__What needs to be done__: With the pictures excluded, reproduce all of the data exactly.

__The data__:
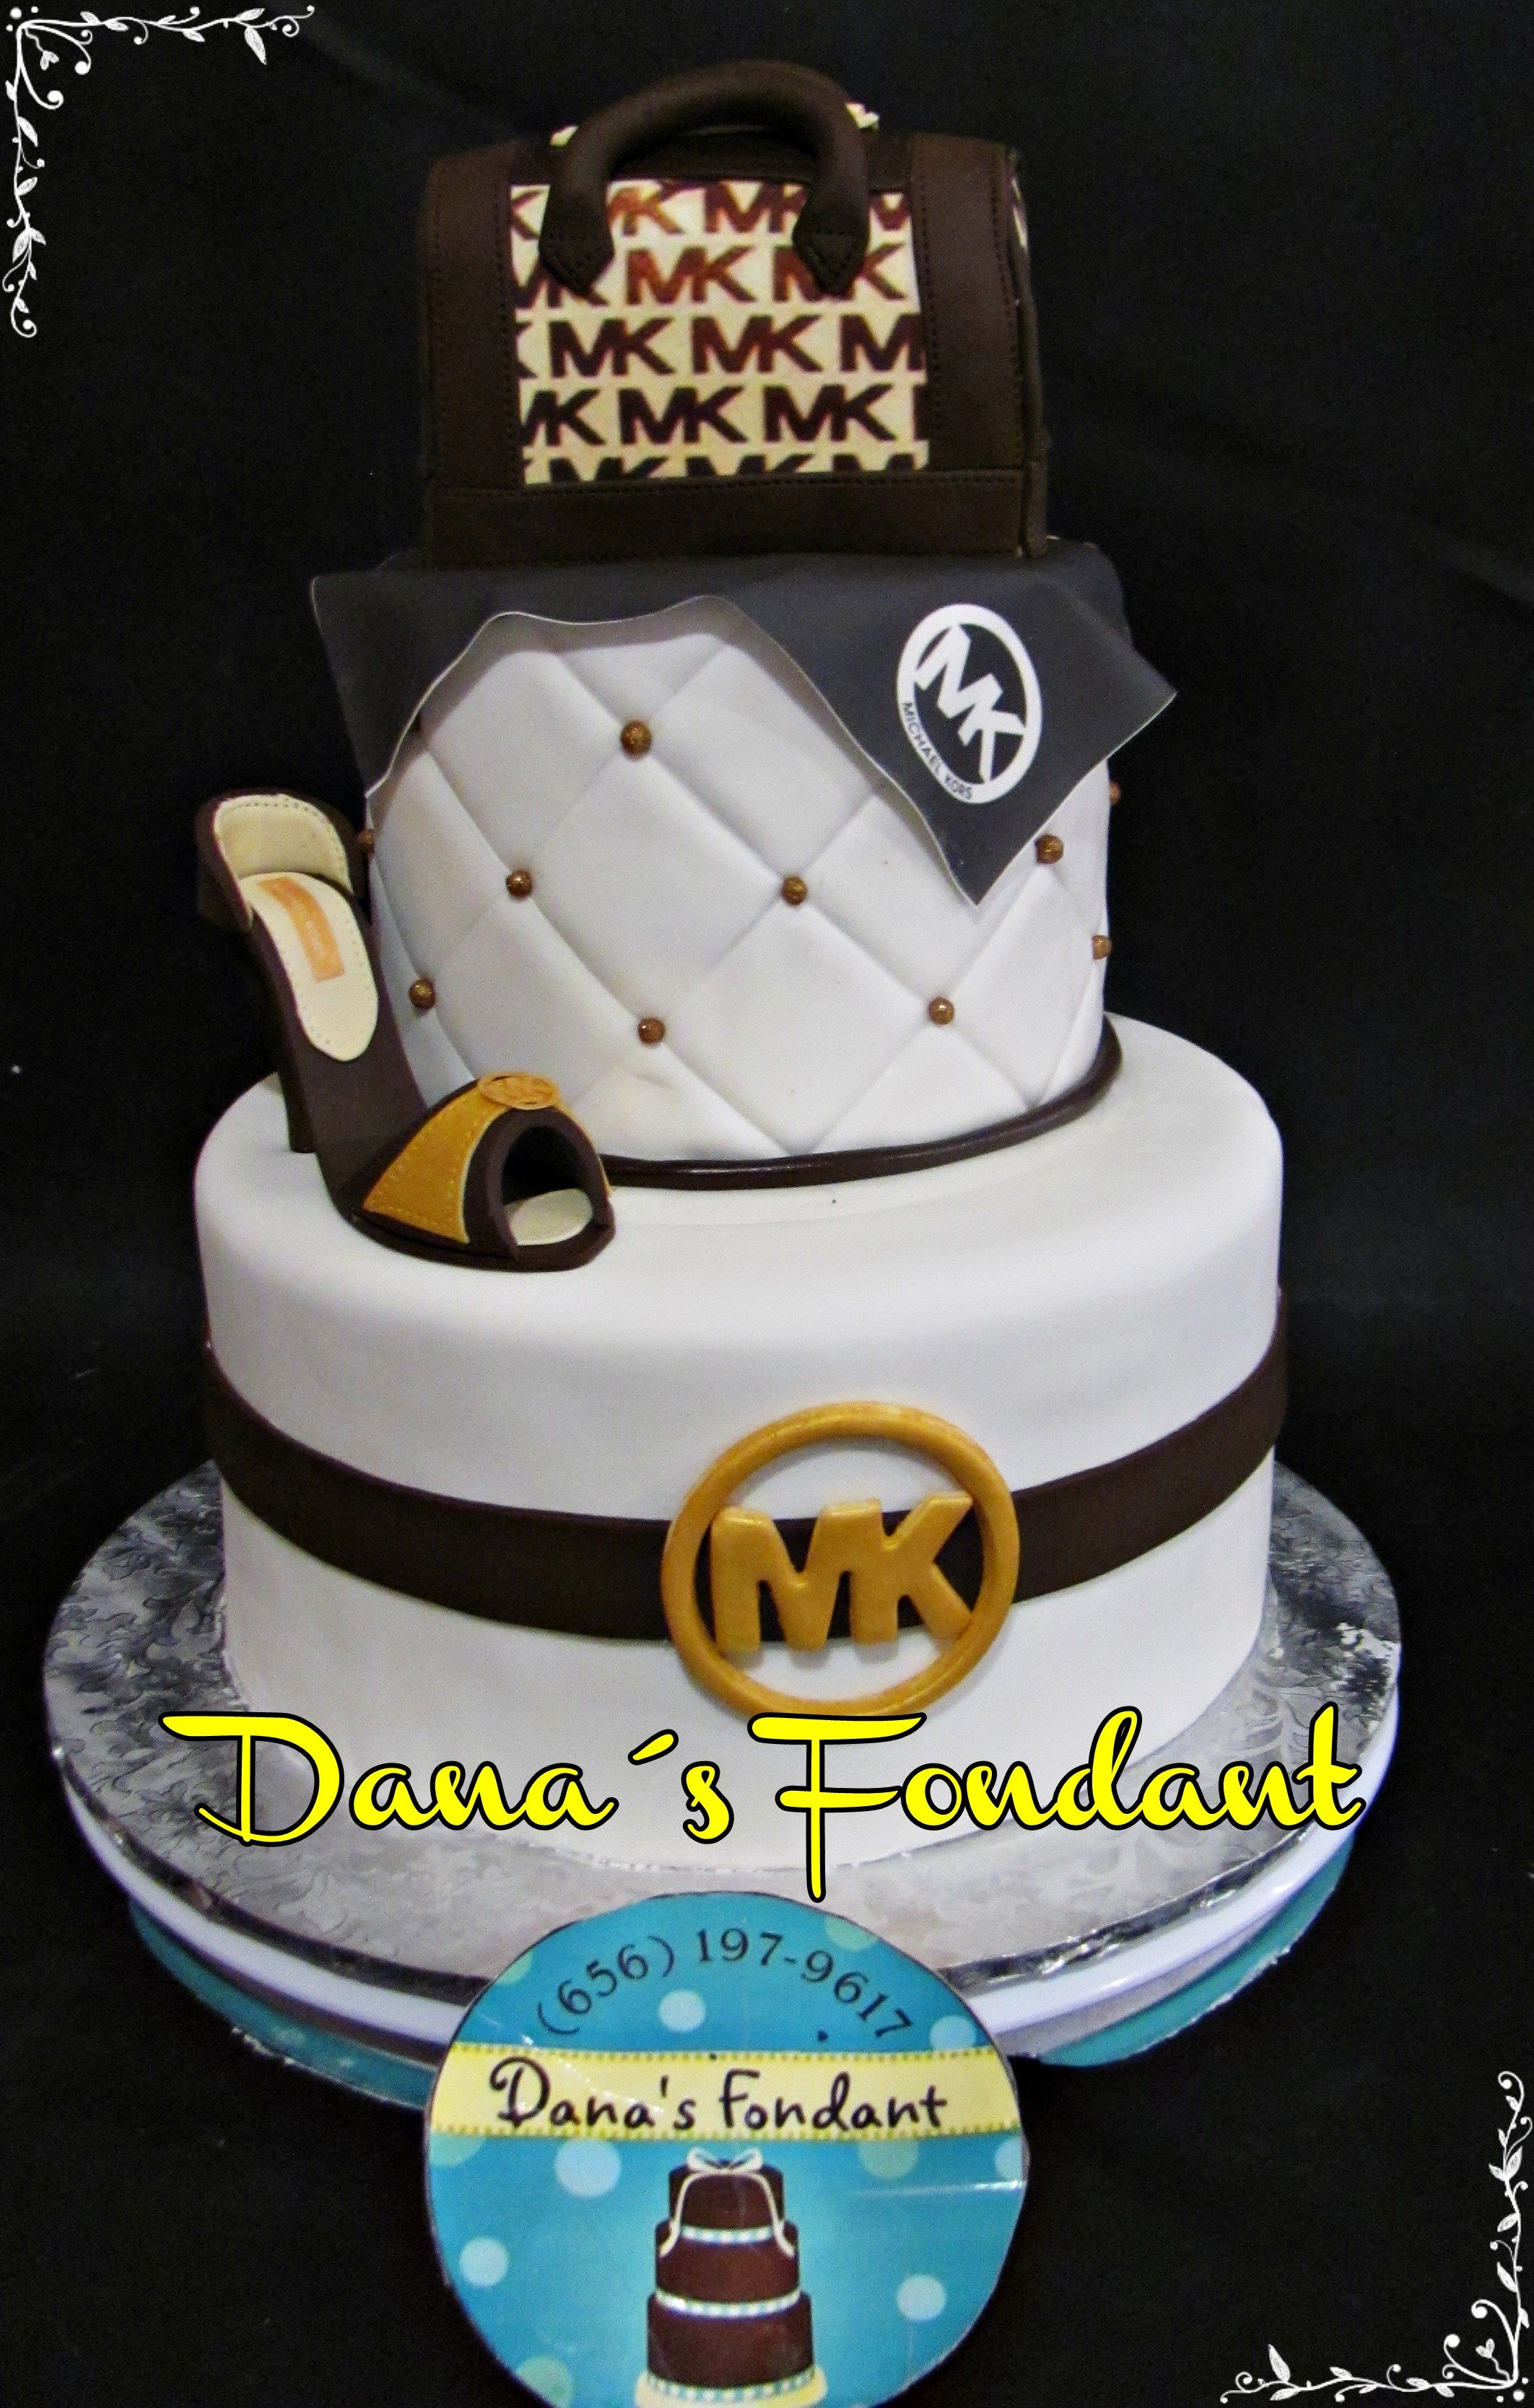 7334f6ae8 Michael Kors Cake   Michael Kors Handbag Cake.   Cake, Michael kors ...
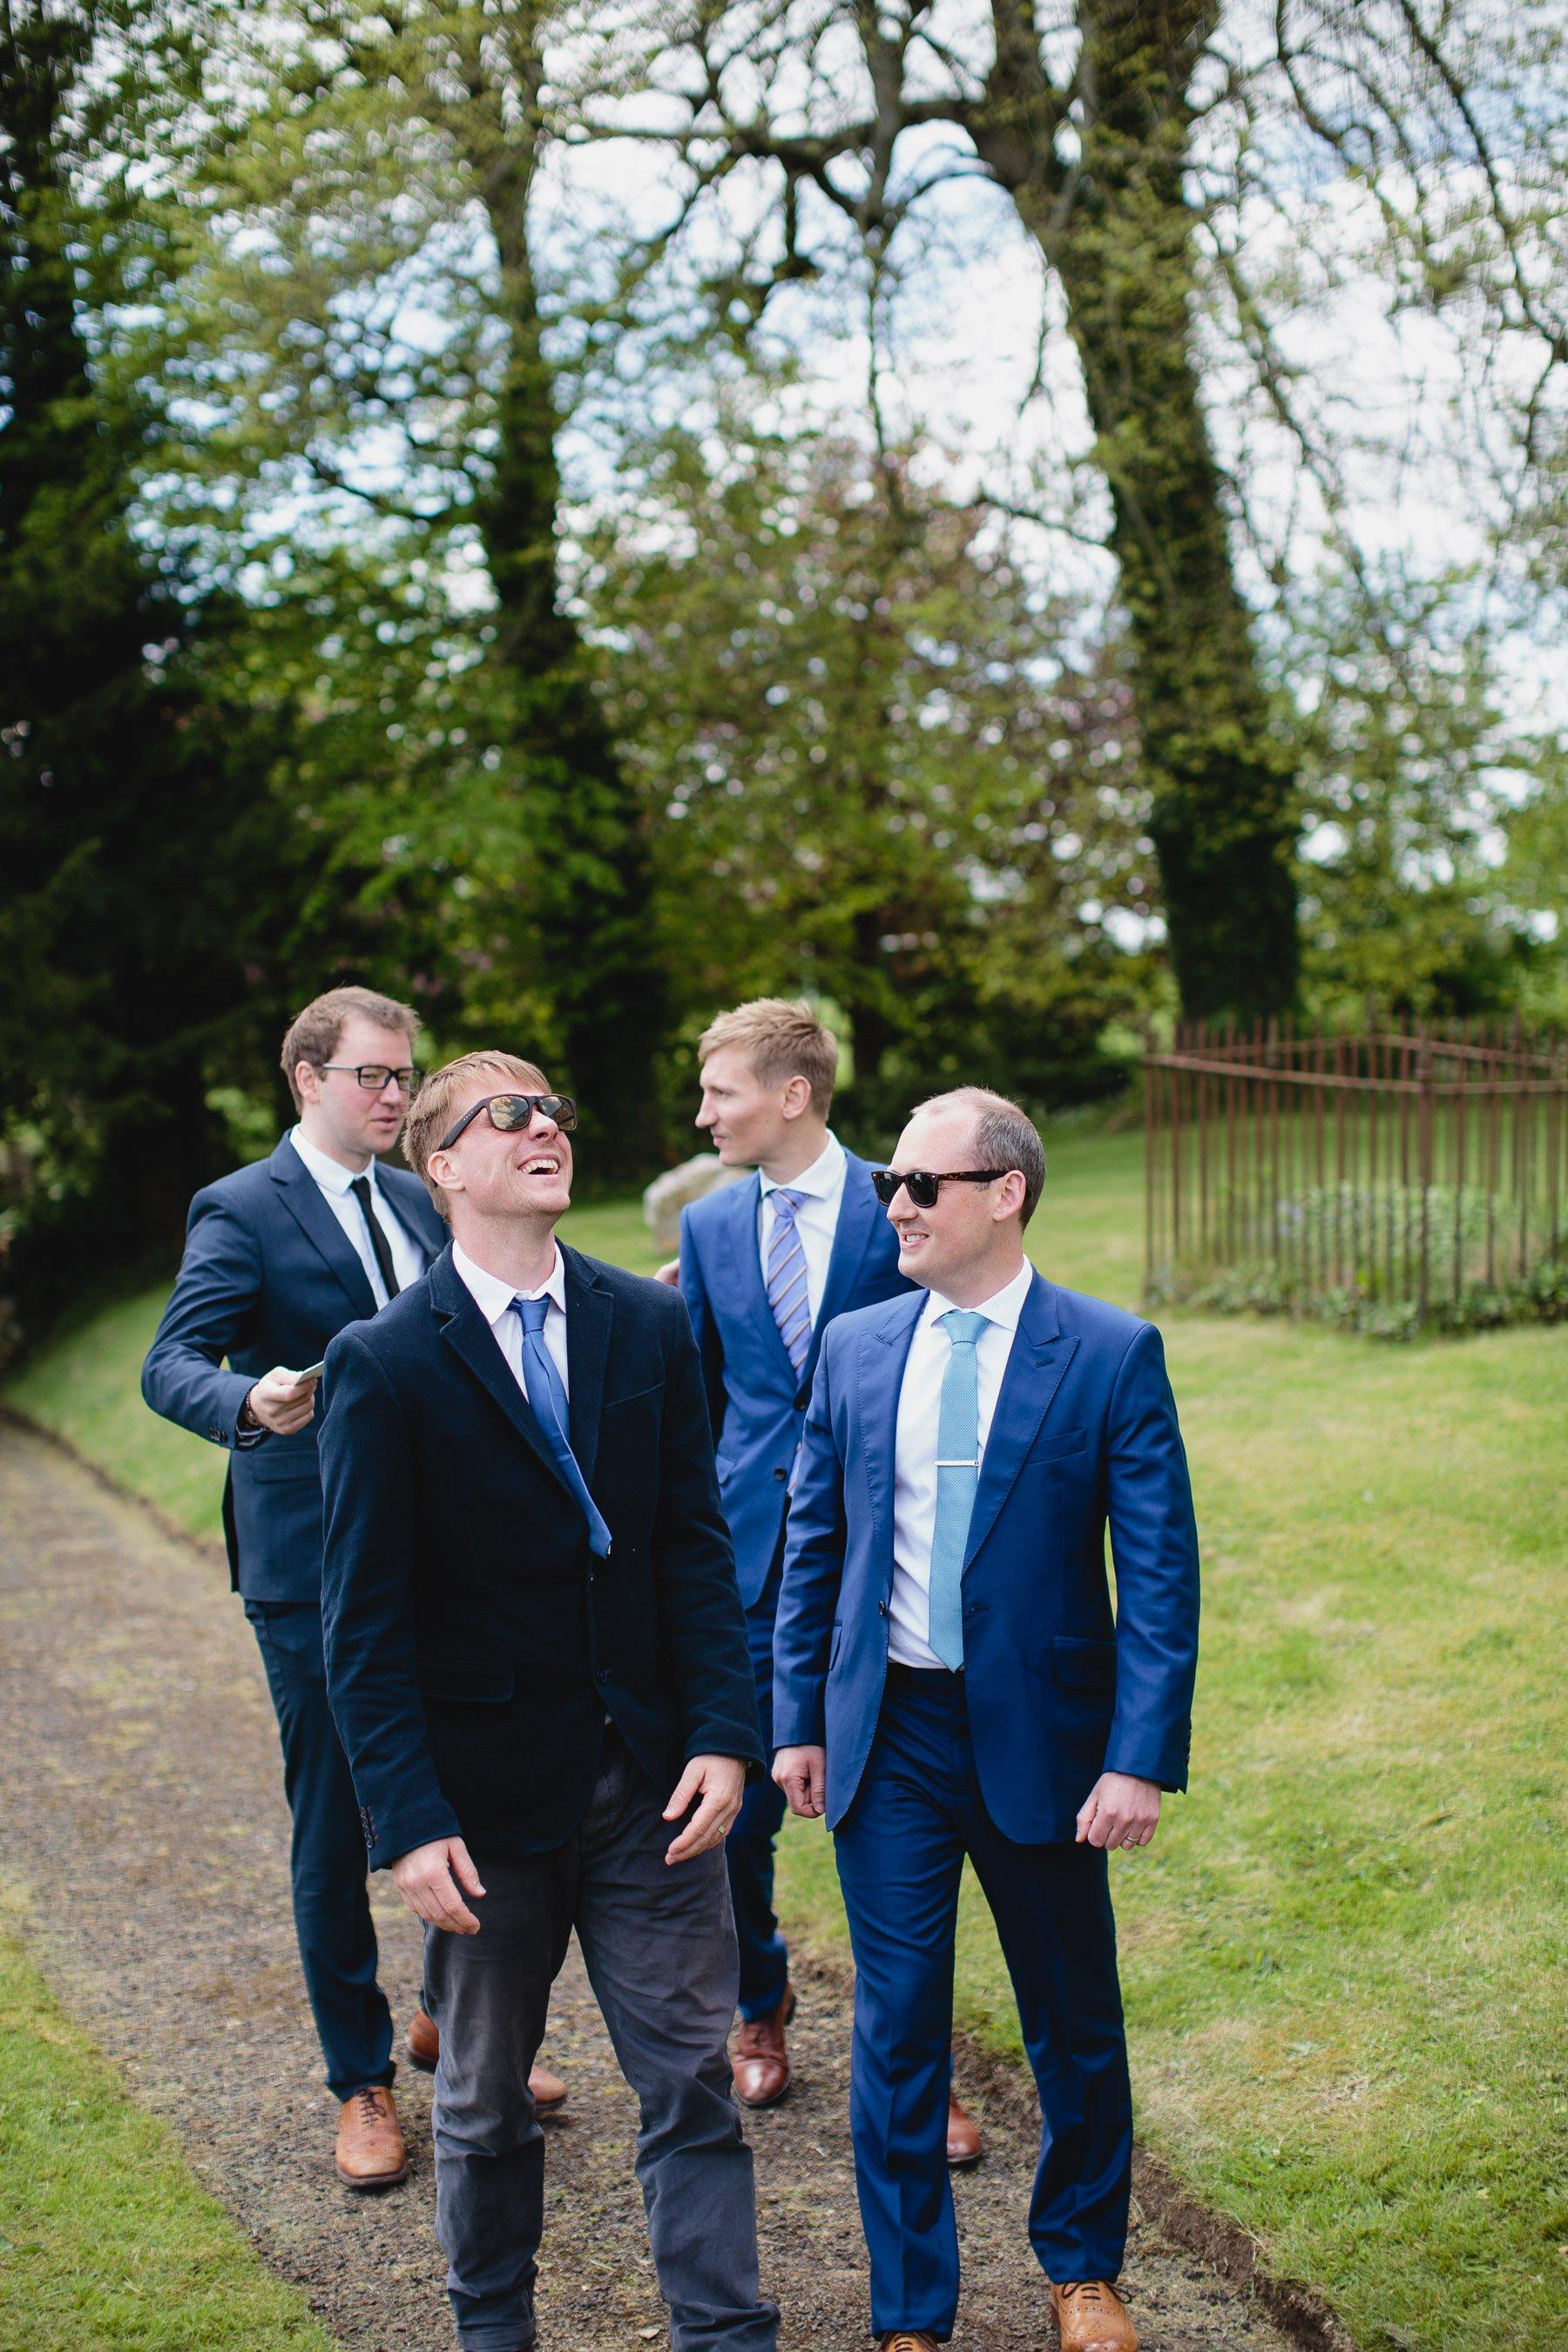 Buckinghamshire-Wedding-Lizzie-Duncan-053
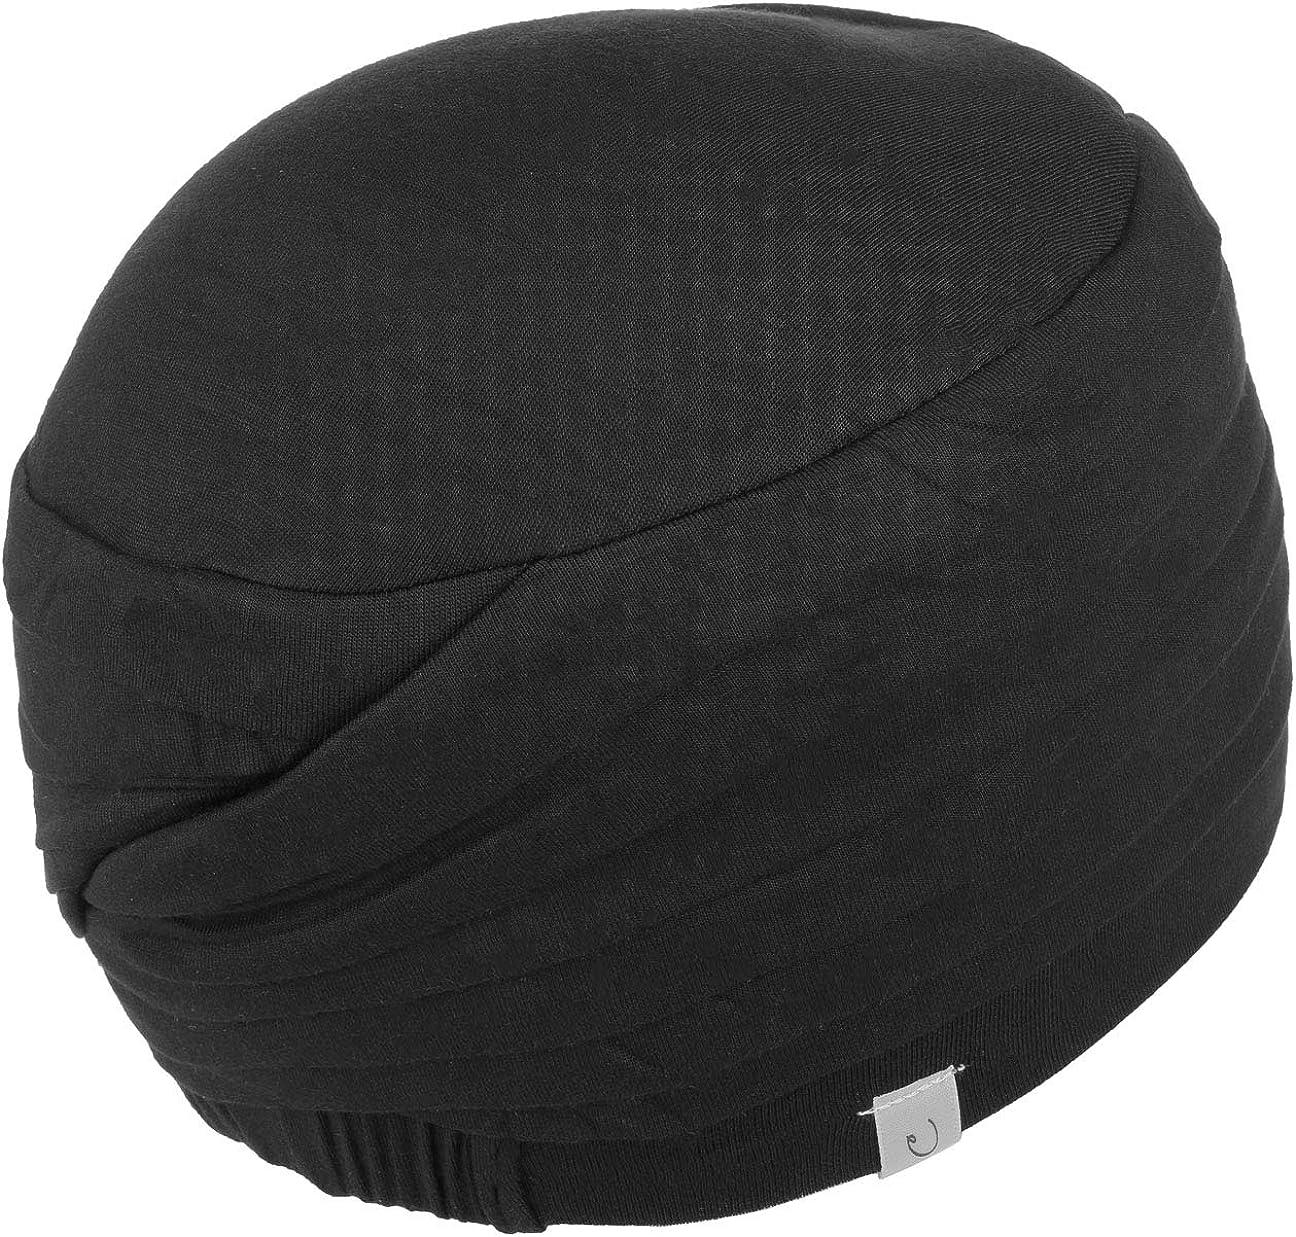 Christine Headwear Shanti Uni Bambus Turban Kopftuch Damenturban Chemo-Kopfbedeckung

__Output for this exercise__:
 7334f6ae8 Michael Kors Cake   Michael Kors Handbag Cake.   Cake, Michael kors ...
 Buckinghamshire-Wedding-Lizzie-Duncan-053
 Christine Headwear Shanti Uni Bambus Turban Kopftuch Damenturban Chemo-Kopfbedeckung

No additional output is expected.